Calum Macdonald makes clear in his liner-note that Weiner was very much part of a Hungarian quadrumvirate alongside Bartok, Kodaly and Dohnanyi. His reputation however travelled less easily than those of his confreres. His musical production of some fifty works tailed off after the mid-1920s as his teaching duties took a hold. Among some fifty works there are three string quartets, a string trio, some violin concertos, a concertino for piano and orchestra and a romance for cello, harp and strings. His numerous pupils included Anda, Dorati, Katsaris, Kentner, Rózsa, Solti, Starker, Varga, Vasary and Vegh.  

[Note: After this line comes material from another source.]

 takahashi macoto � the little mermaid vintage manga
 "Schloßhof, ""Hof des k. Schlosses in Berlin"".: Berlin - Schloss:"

The 1911 First Sonata is constantly in romantic song caught between Brahms and early Richard Strauss. The last movement is exuberant and trips over its own shoelaces in its zest and attack. The four movement Second Sonata is from 1918 written just after his highly successful incidental music for Csongor es Tunde. The music is more tangily Hungarian but still rooted deeply in Brahmsian romanticism. In its orchestral guise this Sonata is the Second Violin Concerto of 1957. This is passionate music in the same sense as the Korngold chamber music and the Delius violin sonatas. The finale brings Weiner as close as he ever got to Kodály. At other moments we think of the heady Delius and at others still of the contemporaneous Dunhill Second Sonata. The Pereg Recruiting Dance mixes military determination with cafe swooning. The Lakodalmos similarly picks up on ikonic Hungarian zigeuner styles. The Three Hungarian Folk Dances and the Twenty Easy Little Pieces are in similarly pointed vein.

Let's hear more Weiner especially the violin concertos, the Csongor es Tunder suites and the three string quartets.

Weiner seems always to have been more Dohnanyi than Kodály. Certainly his style was never anywhere near Bartók. His was the Hungarian gypsy style carried over from the nineteenth century into the twentieth.